» Data extract:
§
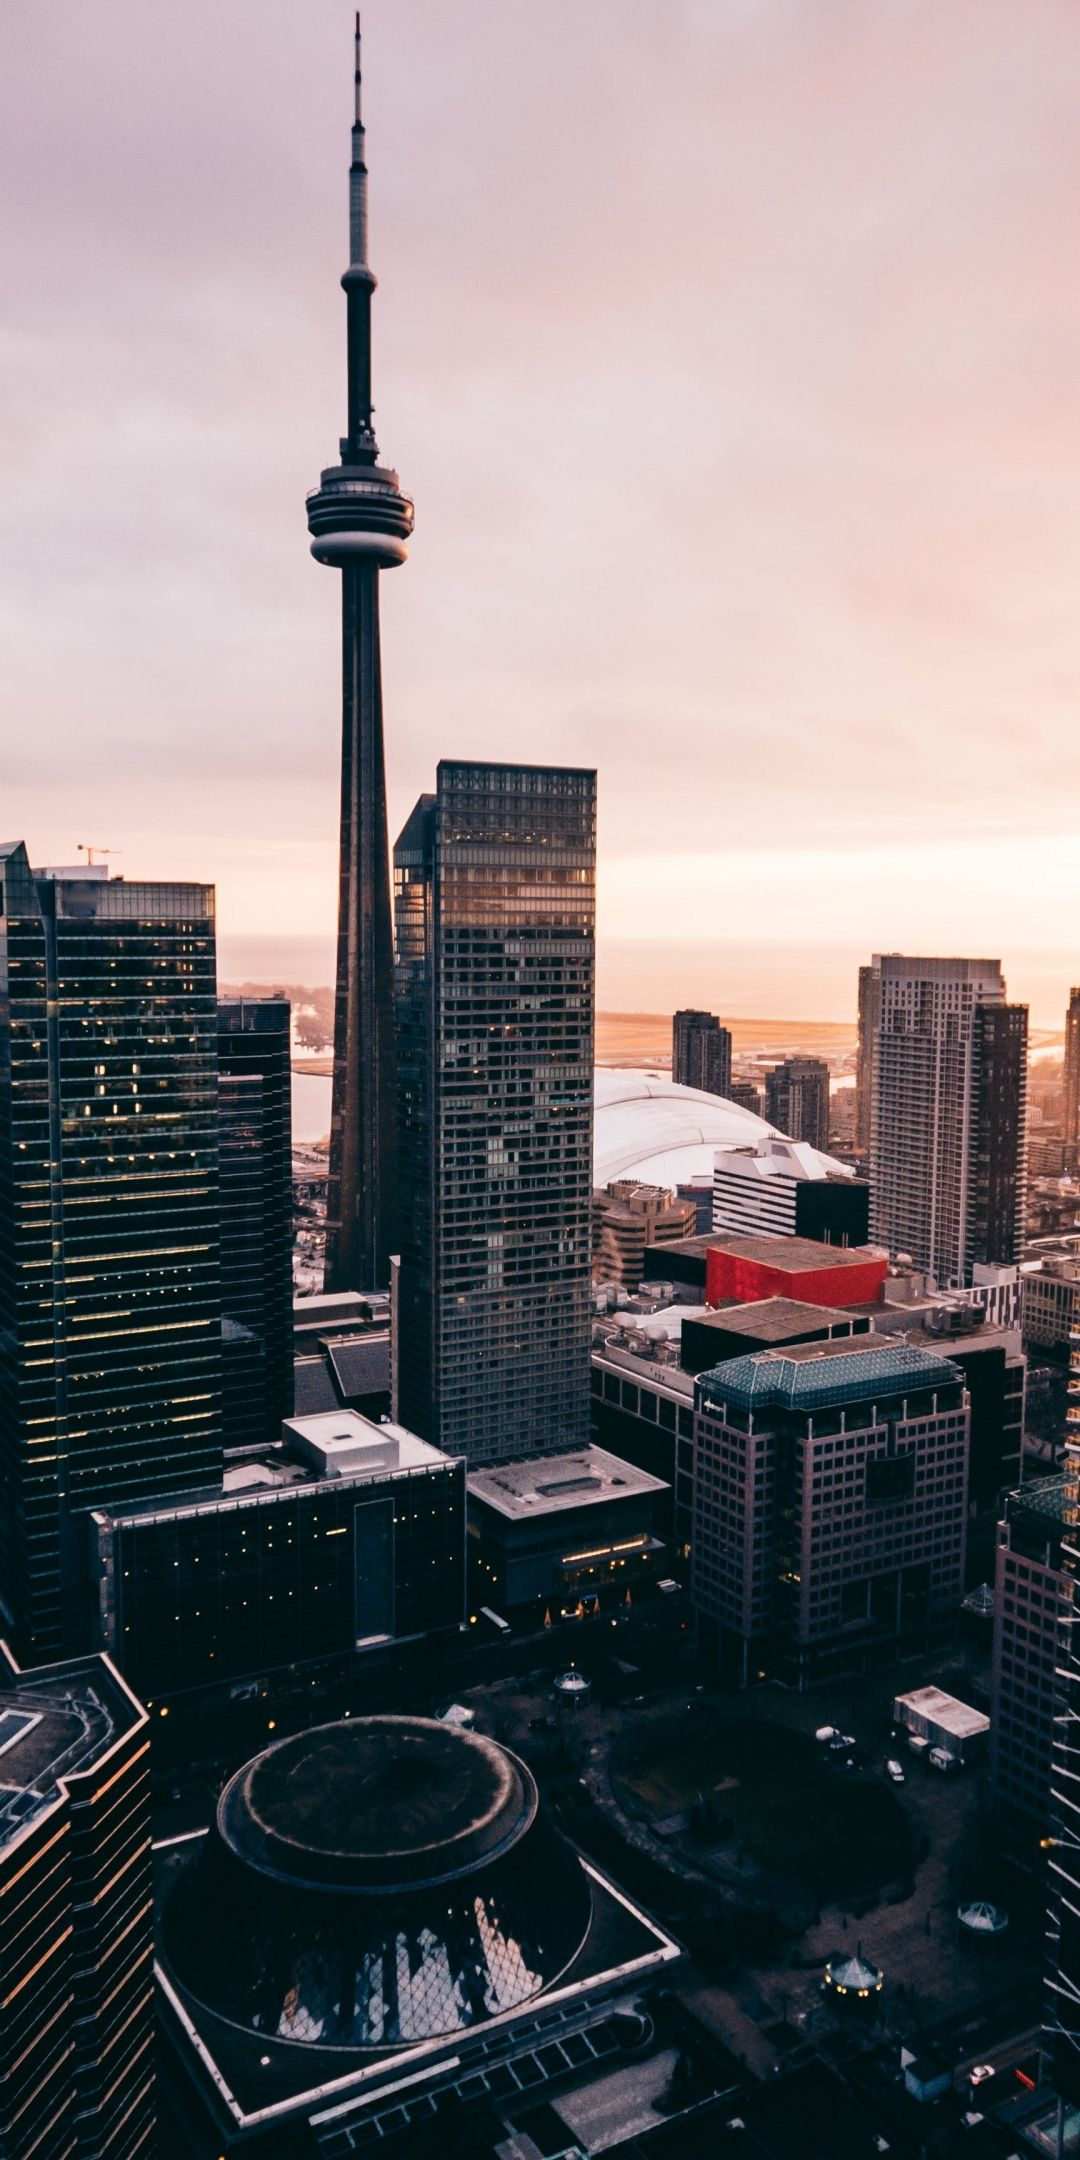 Cn Tower Toronto Buildings 1080x2160 Wallpaper Wallpaper Toronto Wallpaper Canada Canada Photography
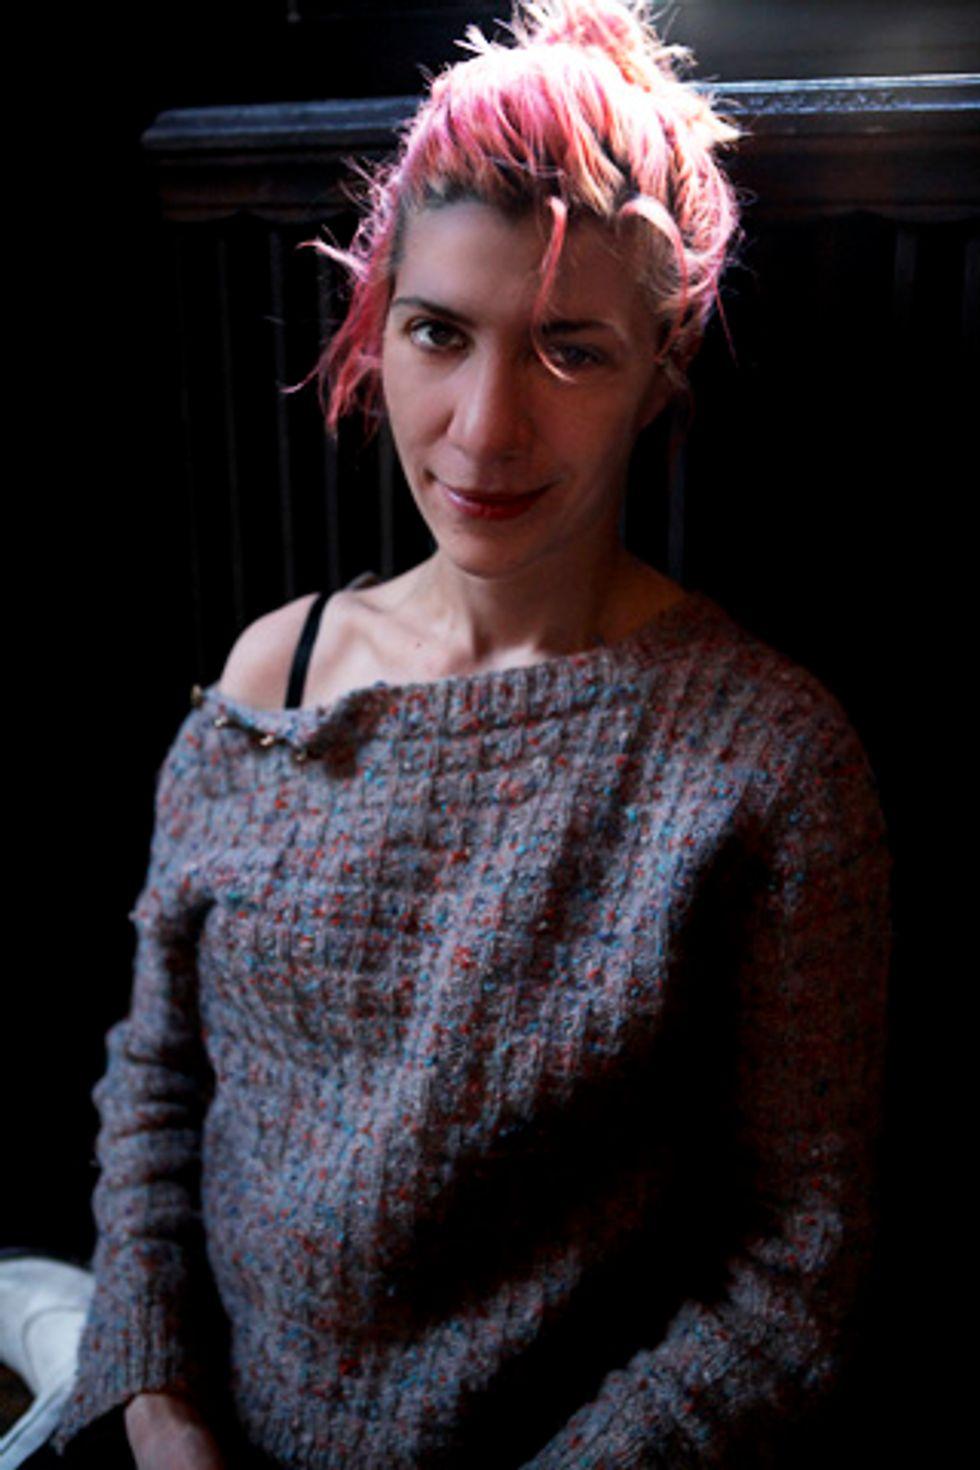 Artist Residency (Whitney Biennial Edition): Agathe Snow
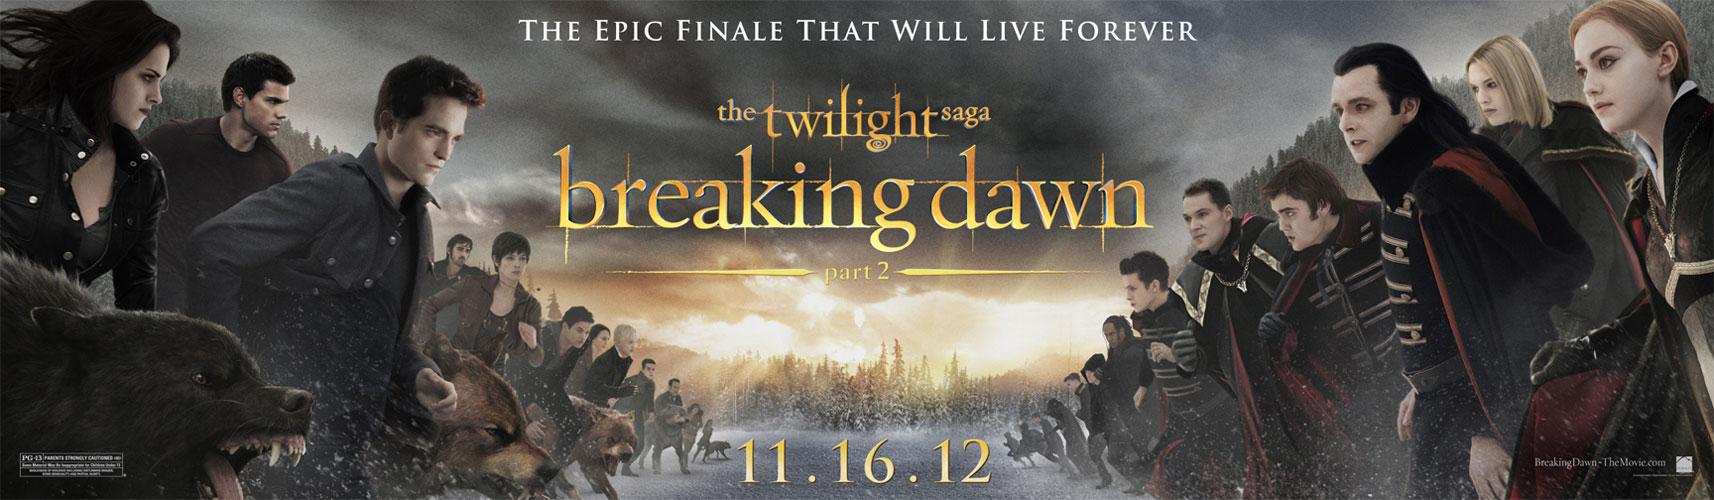 ����the twilight saga breaking dawn � part 2 poster 1
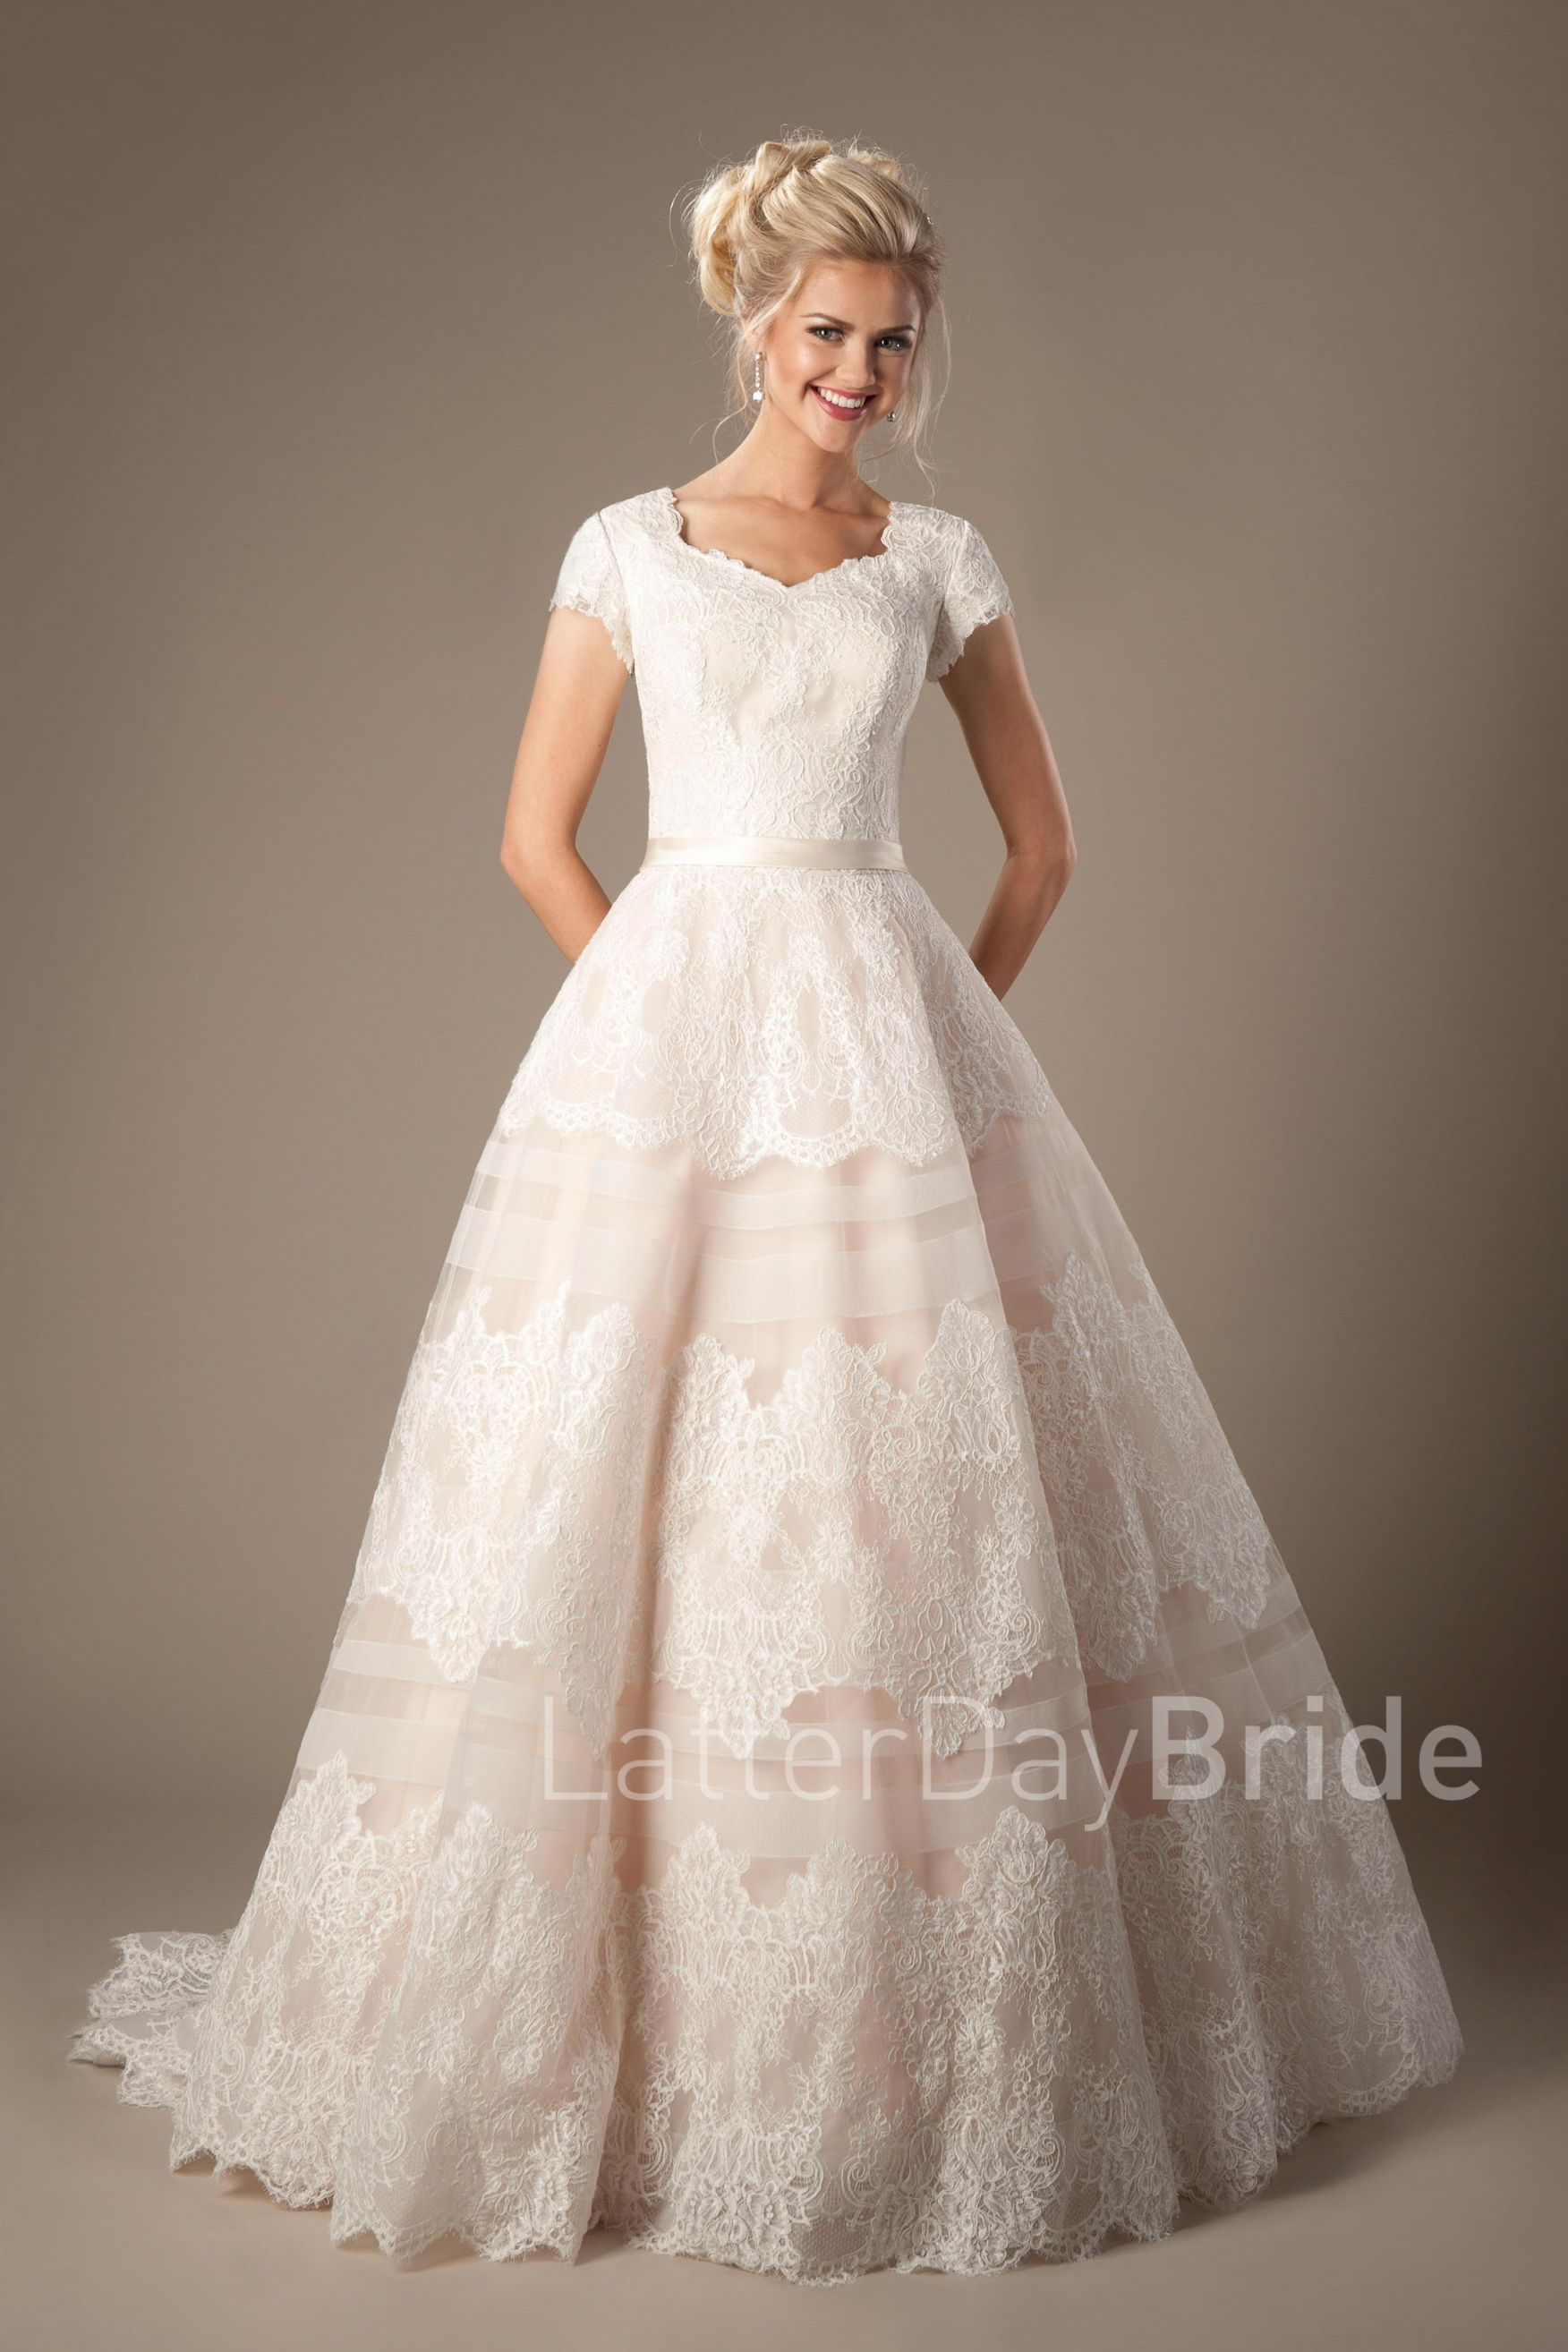 Rosetta | Modest Lace Wedding Dress with Sleeves | LatterDayBride ...
§
» Task description: Would you give again exactly the lines from the line containing "part 2 poster 1" through the end of the listing, both ends included, without any pictures?

» Solved problem:
 ����the twilight saga breaking dawn � part 2 poster 1
 Rosetta | Modest Lace Wedding Dress with Sleeves | LatterDayBride ...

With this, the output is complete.